Why Let Us Entertain You made for uncomfortable viewing

Dominic Sandbrook

WARNING: This article contains strong language.

Having seen Dominic Sandbrook’s previous BBC Two documentary series, Tomorrow’s Worlds: The Unearthly History of Science Fiction, I was at first looking forward to seeing his new series, about how Britain’s main export is now culture rather than the manufacturing industry.

However, a few weeks ago I came across a review of the book which accompanies the series. The review was in Private Eye, so it’s not that surprising that the review was rather scathing. After all if it is not scathing, then it doesn’t deserve a place in the Eye. It was mainly attacking Sandbrook’s right-wing viewers, washing over certain aspects of culture like punk for example. Perhaps this attack was not surprising giving Sandbrook’s own attack on satire he make during the second episode in the series, and how he argues that it single-handedly fails to bring down the establishment – and indeed it relies on the establishment to survive.

When I came across this, which occurs in the second episode of the series in which Sandbrook claims that the British public’s favourite subjects are the posh, the wealthy and the privileged, I was heavily conflicted. When Sandbrook claimed the humour in That Was The Week That Was was not that good, the phrase that came out of my mouth was: “Cunt!” However, there is that part of me that agreed with him on satire. Most satirists, and indeed most comedians, are left-wingers attacking right-wing governments. I myself I should point, tend to lean to the left too. However, in the fourth episode where Sandbrook champions self-made icons and liberal individualism, he claims that celebrities rather than politicians have given more opportunities to women and gay people. In the early 20th century no-one dared come out as gay. In the early 21st century no-one dares come out as Tory.

American satirist Tom Lehrer said that satire died when they gave Henry Kissinger a Nobel Peace Prize. I say it was only wounded. Satire will certainly die however if the next General Election is between Boris Johnson and Jeremy Corbyn. Johnson became popular of the back of the satirical Have I Got News for You, and most satirists will never mock Corbyn because they would support him. The whole thing is FUBAR.

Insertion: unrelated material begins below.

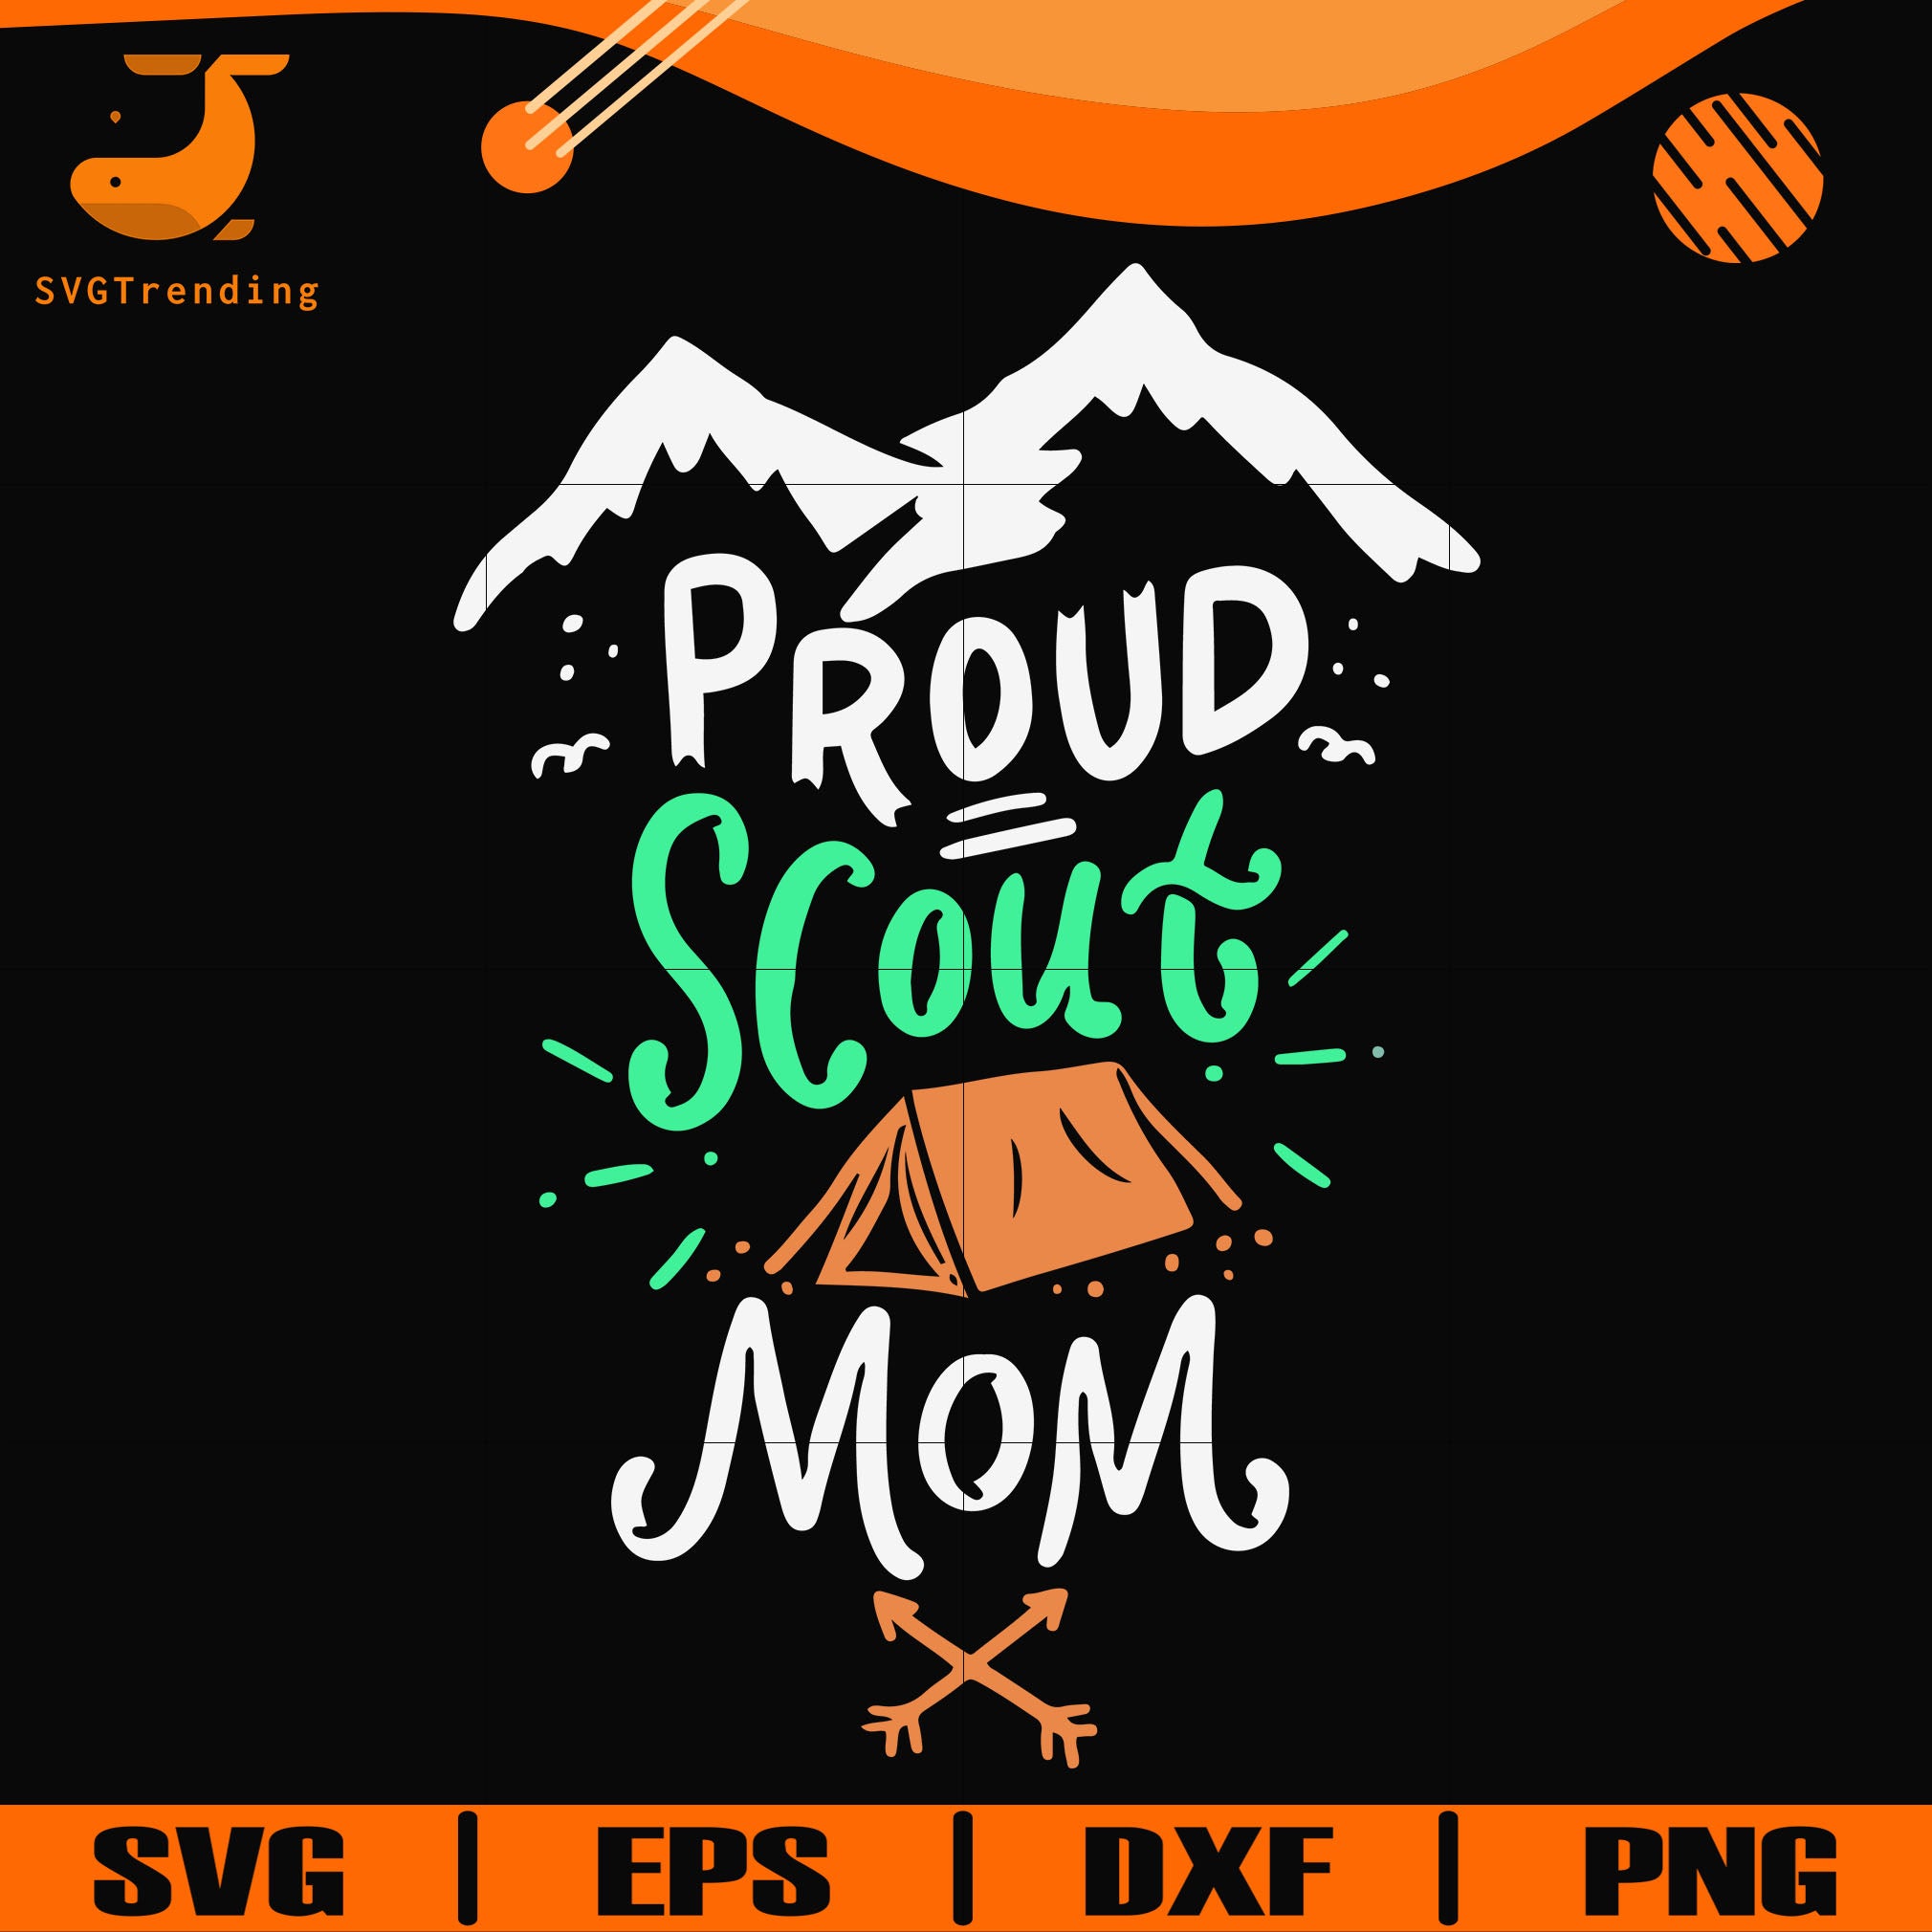 Download Proud Scout Mom Svg Png Dxf Eps Digital File Cmp0121 Svgtrending

Another aspect across the whole series is Sandbrook’s claim that our modern cultural dominance all comes from Victorian values. As stated in the second episode, there is our love of the privileged, which manifests itself in stately home TV shows like Brideshead Revisited, Downton Abbey, Upstairs Downstairs and the sitcom To The Manor Born. The third episode however deals explicitly with Victorian values such as charity (Live Aid), exploration (Doctor Who), and the changing role of the working class (the novels of Catherine Cookson), and our fears of power (The Lord of the Rings).

Watching the series, I became increasingly both annoyed by the idea of how supposedly culture is something you make by yourself and how we look back to Victorian values, and treasure things like the monarchy (I for one am no monarchist). Sandbrook also talks about the popularity of novels set in Victorian boarding schools, with the central boy removed from his parents either by living way or the fact they are dead altogether, like Harry Potter whose parents are murdered.

However, there is also that part of me that cannot deny that aspects of this are true. This something I know due to my knowledge of Japanese animation and comics, which I regularly write about for this website. Japan’s manga comics, arguably that country’s biggest cultural export, started when the Victorian British first came to the country with magazine’s like Punch. Sandbrook talks about the impact of London’s Swinging Sixties in establishing British coolness around the world. Also in the 1960s, Japan’s most famous toy was created by someone living in London at the time, and to this day Hello Kitty is a Londoner. There are various Japanese street fashions modelled on the Victorian look, and many of Japan’s most popular manga are set in Victorian Britain. If I were to adapt any manga for British television, it would be the hugely popular Black Butler, which features a 13-year-old Victorian earl whose parents are murdered.

Part of my anger comes from the fact that Sandbrook talks about how we don’t really have industry anymore. Where I’m from in Teesside, our steelmaking industry has recently collapsed in Redcar, and I don’t think any form major cultural change is going to happen any time soon. If it does it will probably be no better than when Channel 4 coming to my hometown of Stockton-on-Tees to film Benefits Street, because that is seemingly all we deserve by the look of things.

The problem here is that I feel the hypocrisy creeping into me. I want everyone collectively to help each other, but deep down what I want is respect for other people for myself, to prove that I have the knowledge to make myself respected as either a critic, a writer, an expert or some other influential figure, and I know that it won’t come about unless I do something about it like those self-made Victorians and celebs, by standing out of the collective and somehow trying to prove I’m better than everyone I should supposedly see as below me.

I want your fucking respect, and I fucking hate myself for wanting it. I think I might be one who deserves the label of: “Cunt!”

Dominic Sandbrook: Let Us Entertain You is broadcast at 21.00 on Wednesday nights. His book that accompanies the series, “The Great British Dream Factory”, is out now.